[LU-15745] Client error when multiple filesystems mounted with differing jobid_var settings Created: 14/Apr/22 Updated: 14/Apr/22 |
|
| Status: | Open |
| Project: | Lustre |
| Component/s: | None |
| Affects Version/s: | Lustre 2.15.0 |
| Fix Version/s: | None |
| Type: | Bug | Priority: | Minor |
| Reporter: | Nathan Crawford | Assignee: | WC Triage |
| Resolution: | Unresolved | Votes: | 0 |
| Labels: | None | ||
| Environment: |
CentOS 7.9, servers 2.12.8, client 2.15.0-RC3, Q-logic/Intel QDR Infiniband. |
||
| Rank (Obsolete): | 9223372036854775807 |
| Description |
|
In trying to work around lock timeouts with parallel compilation of GCC (client and server both on Lustre 2.12.8), I tried upgrading a client node to 2.15.0-RC3. The lock timeouts went away, but errors like the following appeared in dmesg: [ +0.309601] LustreError: cowardly refusing to write 4123 bytes in a page [ +0.000010] LustreError: 11121:0:(jobid.c:348:cfs_get_environ()) key: SLURM_JOB_ID, entry: MAKEFLAGS=w --jobserver-fds=3,4 -j -- MAKEINFO=makeinfo\ --split-size=5000000\ --split-size=5000000\ --split-size=5000000 CONFIG_SHELL=/bin/sh TFLAGS= STAGEautofeedback_TFLAGS=-fchecking=1 STAGEautofeedback_GENERATOR_CFLAGS= STAGEautofeedback_CXXFLAGS=-g\ -O2\ -fchecking=1 STAGEautofeedback_CFLAGS=-g\ -O2\ -fchecking=1 STAGEautoprofile_TFLAGS=-fno-checking STAGEautoprofile_GENERATOR_CFLAGS= STAGEautoprofile_CXXFLAGS=-g\ -O2\ -fno-checking\ -gtoggle\ -g STAGEautoprofile_CFLAGS=-g\ -O2\ -fno-checking\ -gtoggle\ -g STAGEfeedback_TFLAGS= STAGEfeedback_GENERATOR_CFLAGS= STAGEfeedback_CXXFLAGS=-g\ -O2\ -fprofile-use STAGEfeedback_CFLAGS=-g\ -O2\ -fprofile-use STAGEtrain_TFLAGS= STAGEtrain_GENERATOR_CFLAGS= STAGEtrain_CXXFLAGS=-g\ -O2 STAGEtrain_CFLAGS=-g\ -O2 STAGEprofile_TFLAGS=-fno-checking STAGEprofile_GENERATOR_CFLAGS= STAGEprofile_CXXFLAGS=-g\ -O2\ -fno-checking\ -gtoggle\ -fprofile-generate STAGEp Our main lustre system, DFS-L, was configured to collect slurm jobstats (jobid_var=SLURM_JOB_ID), but our scratch system, XXX-L, was still at the default (jobid_var=disable).

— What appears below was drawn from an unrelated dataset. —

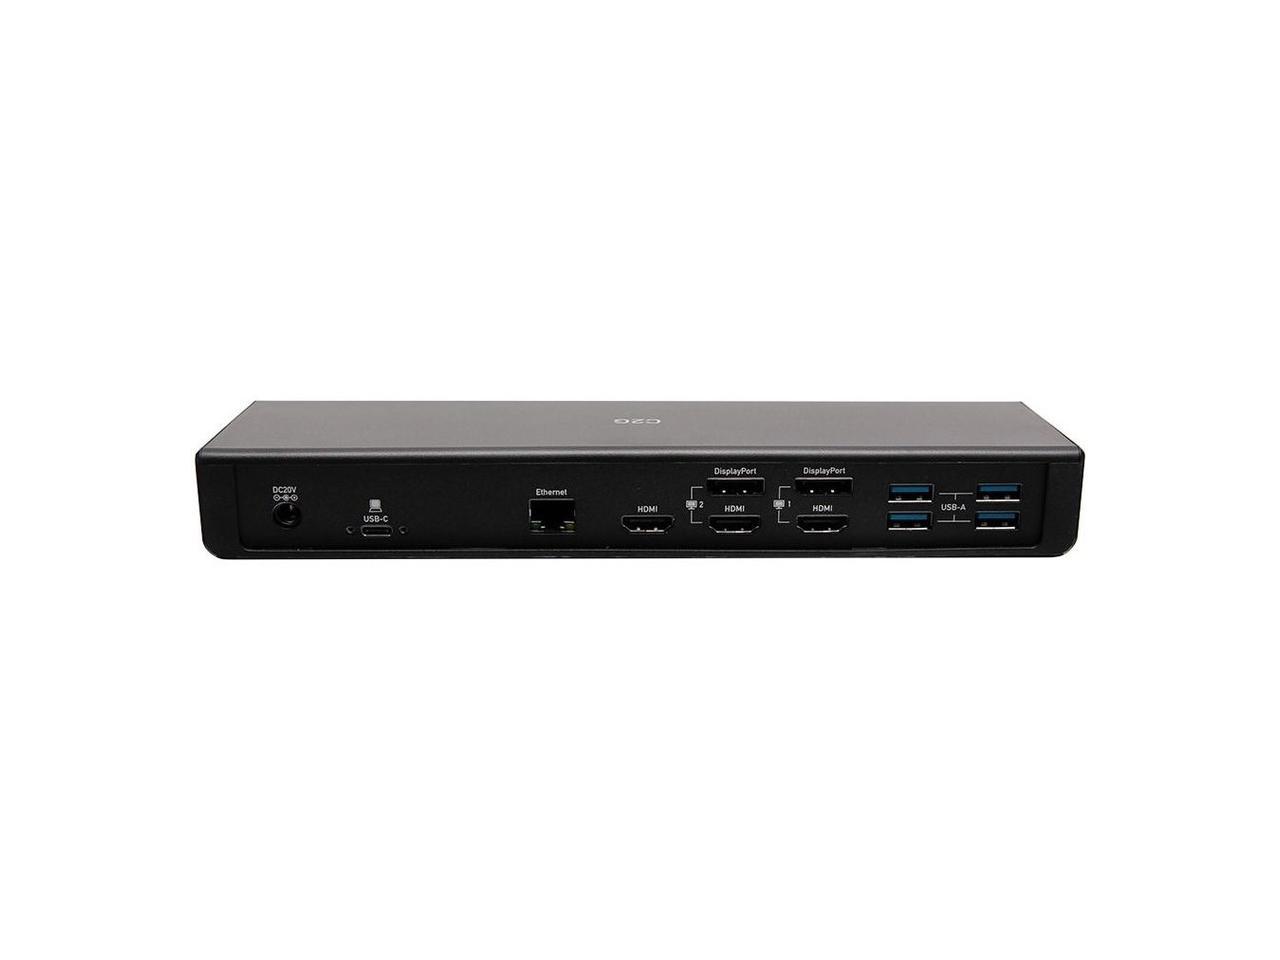 C2G Black C2G54535 USB-C 14-in-1 Triple Display Docking Station with HDMI, DisplayPort, Ethernet, USB, 3.5mm Audio and Power Delivery up to 85W - 4K 30Hz (TAA Compliant)

The compilation of GCC was being done on XXX-L, but outside of slurm (SLURM_JOB_ID was not set). Turning off jobstats gathering on DFS-L with "lctl conf_param DFS-L.sys.jobid_var=disable" on the MGS made the error message go away. Is it possible to have multiple lustre file systems coexist with different jobid_var settings? We are not currently using the slurm jobstats, so keeping it off everywhere is fine for now. |